George Doukas received the Electrical and Computer Engineering degree from the University of Patras, Patras, Greece, in 2003, where he is currently working toward the Ph.D. degree in the Department of Electrical and Computer Engineering. He has been working for many years in realtime-Linux applications and model-driven software development. His current research interests include software engineering for embedded, real-time, distributed, control, and automation systems.
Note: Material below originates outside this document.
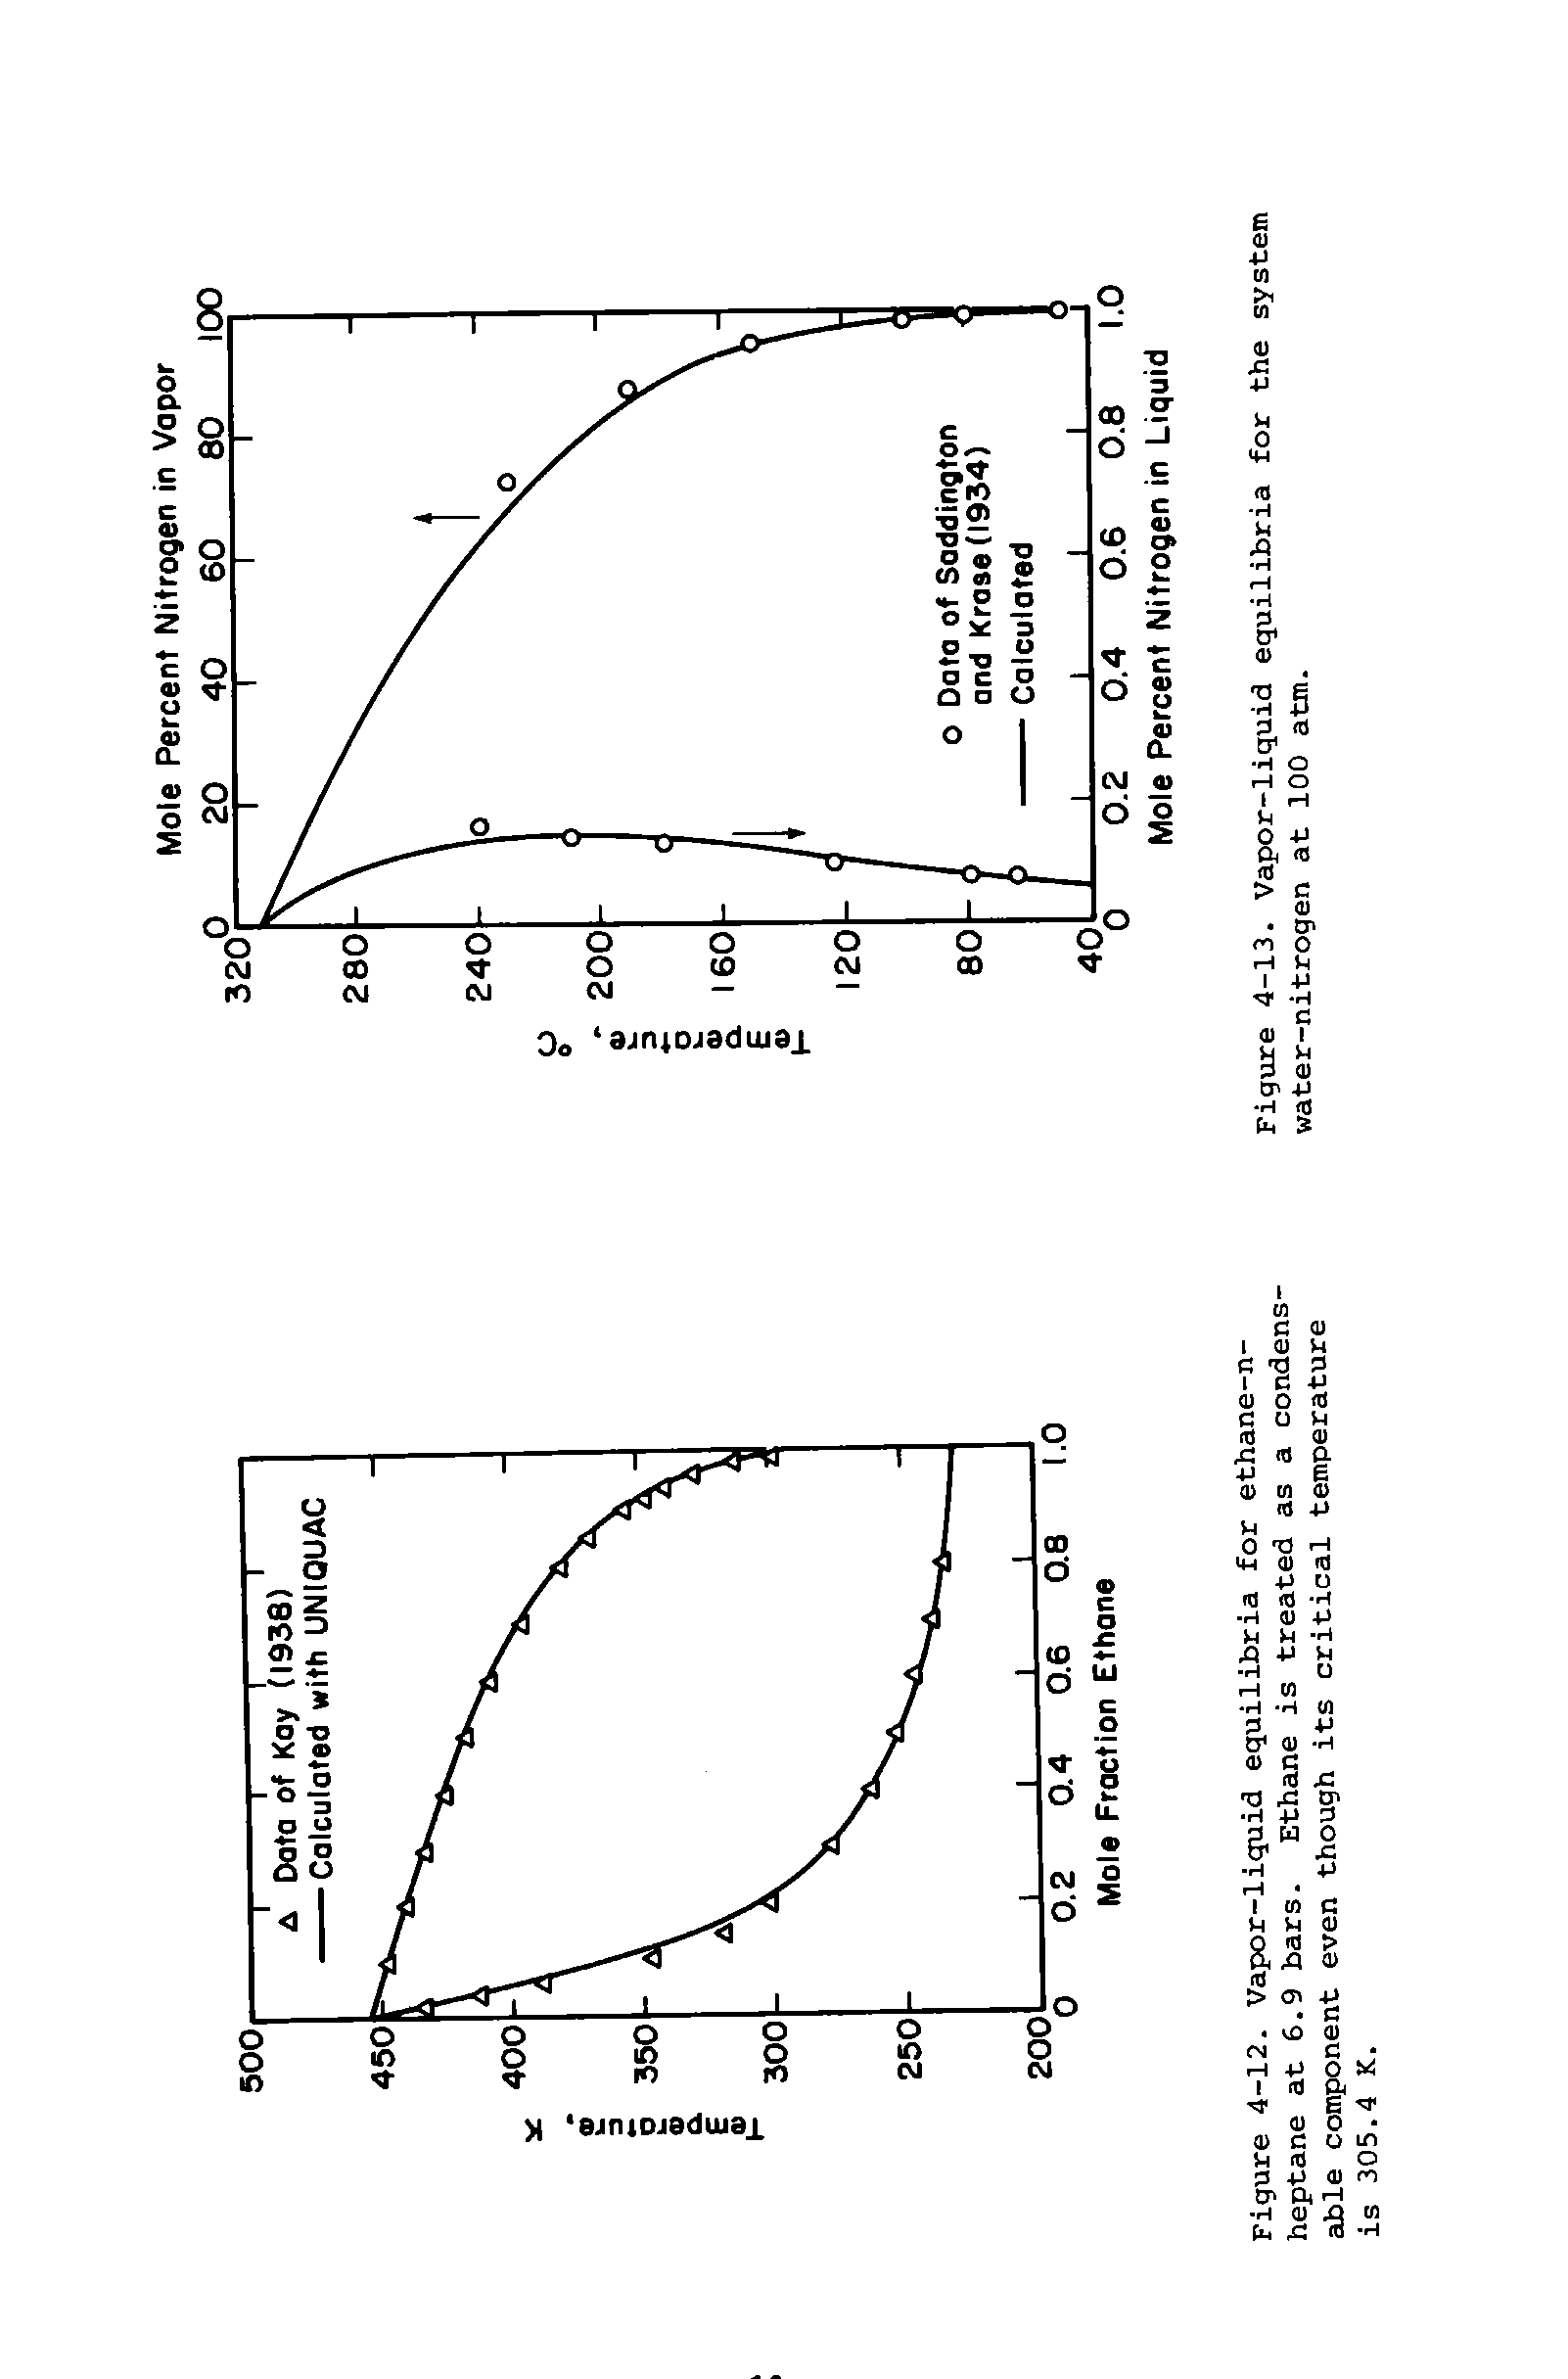 Figure 4-13. Vapor-liquid equilibria for the system water-nitrogen at 100 atm.

Kleanthis Thramboulidis (M’09) received the B.Sc. and Ph.D. degrees in electrical engineering from the University of Patras, Patras, Greece, in 1981 and 1989, respectively. He is the Designer of REDOM, an object-oriented language to define and online manipulate regulations in the resource (re)scheduling problem in the airline domain, and CORFU, a framework for the unified development of distributed control systems. He has proposed model-integrated mechatronics, a new paradigm for the model-driven development of mechatronic manufacturing systems. He is currently an Associate Professor with the Department of Electrical and Computer Engineering, University of Patras, where he is leading the Software Engineering Group. He has authored seven books on programming and modeling and proposed a constructivismbased approach to teaching object-oriented programming. His research areas cover object technology, model-driven development, distributed control and automation systems, embedded systems, and mechatronics. Dr. Thramboulidis is a member of the Industrial Electronics Society Technical Committee on Factory Automation.